Similarly, it could be argued, as you do here, that the holes are a grasping, human defacement of God's creation, but much of the work itself is already given over to this idea. Under the leadership of the Judge and Glanton, the gang carves a path of violence through both men and nature. McCarthy isn't one to summarize the languorous dread stretched over 400+ pages into a single image.

The only purpose in showing something like this, something singular, something new, is to show a feeling or idea not yet present, in this case: hope.

Whatever the men are doing, it's clear that the West of old is gone. The two men, the ones without the hole-tool, pick through bones. While desolation has come, it has also gone. These are the survivors, the reminder, perhaps struggling in this world, but no longer in fear of it. The act itself is a real action, obscured by layered of metaphor, but a real action nonetheless. While many say that they may be erecting a fence, an action that divides, allocates, and demystifies the wild, nearly any other action they do also works in this way as well.

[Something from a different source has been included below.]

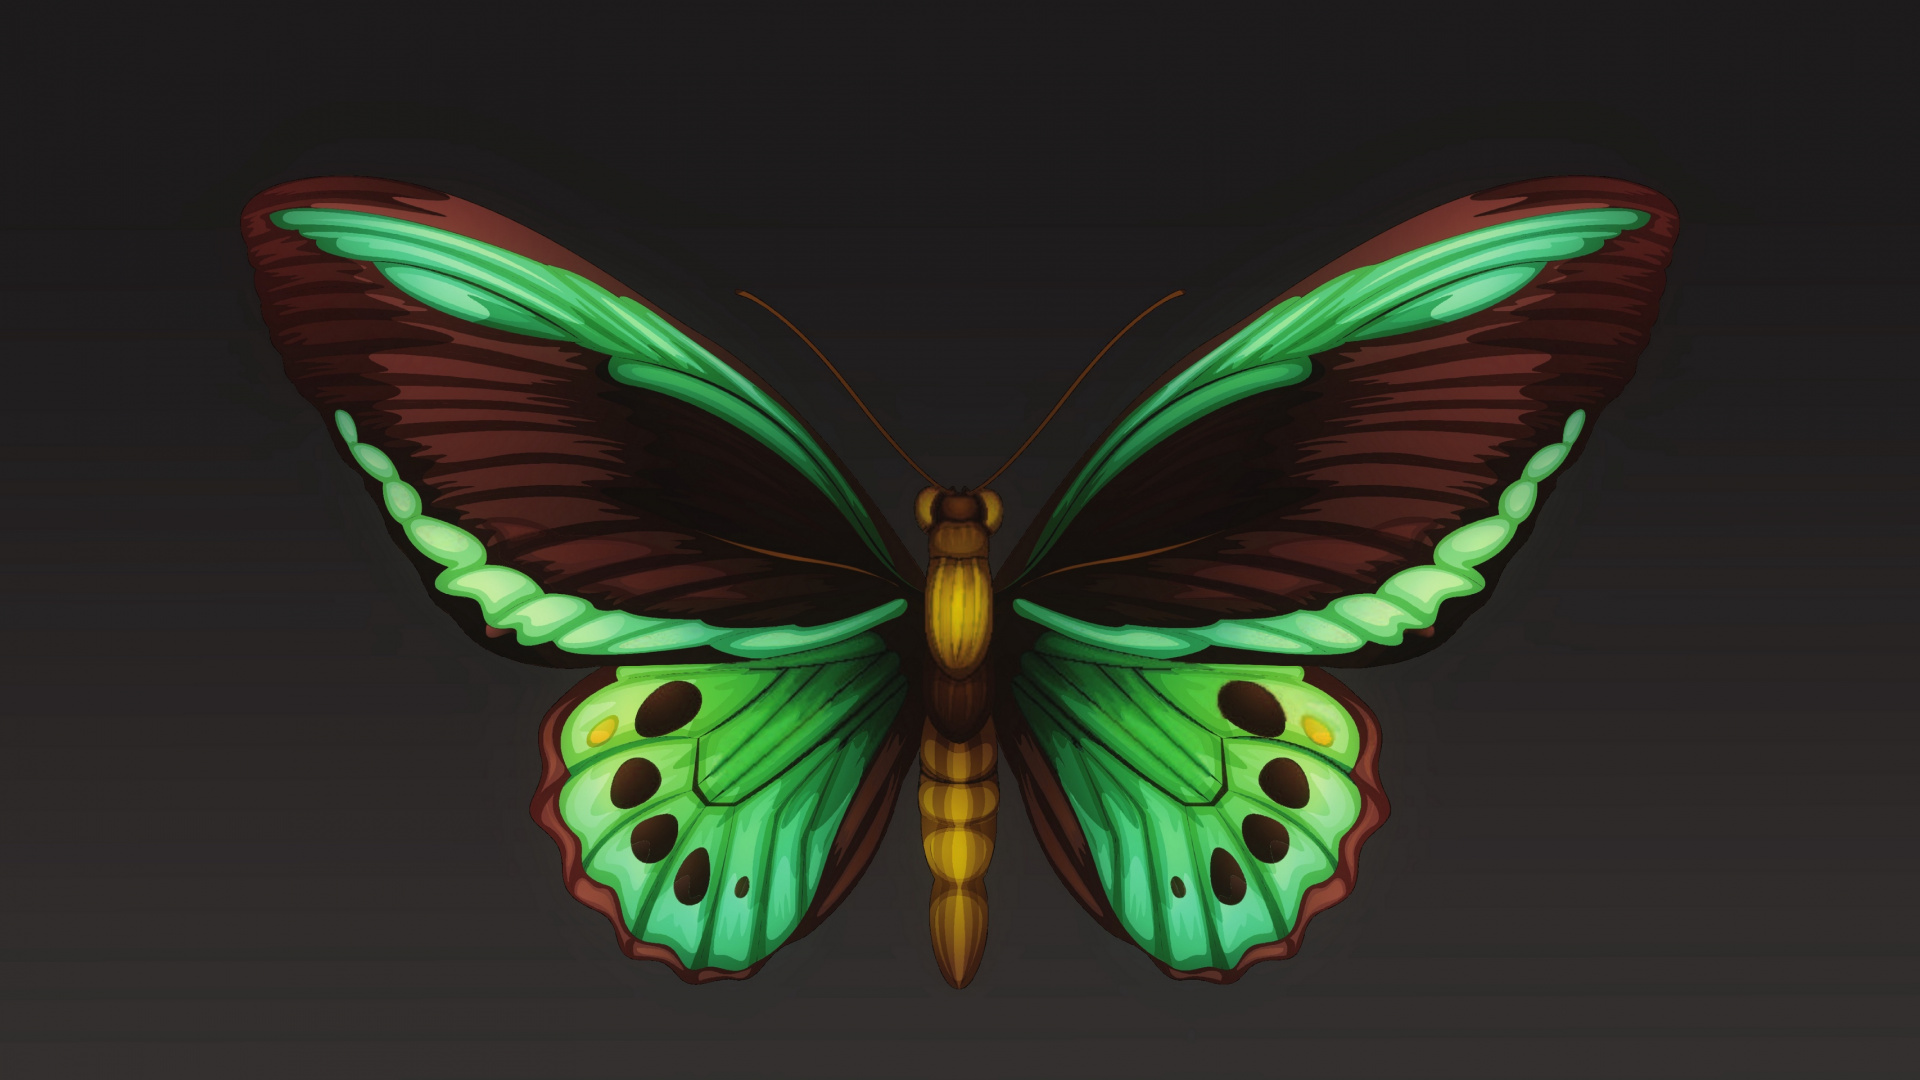 飞蛾和蝴蝶, 昆虫, 翼, 对称, 节肢动物 壁纸 1920x1080 允许

That this scene comes after the Judge's most visceral act is not insignificant. He returns after a decade, from nowhere, the same as he is, to brutalize the Kid. The judge is made to be a constant, an insurmountable and dogged force of violence, and yet immediately after this, he's gone. The contrast this creates is too stark not to have meaning; it shows that despite everything, despite seeing the very worst of what this power can do, against all belief it too will vanish against all odds and even its own proclamations.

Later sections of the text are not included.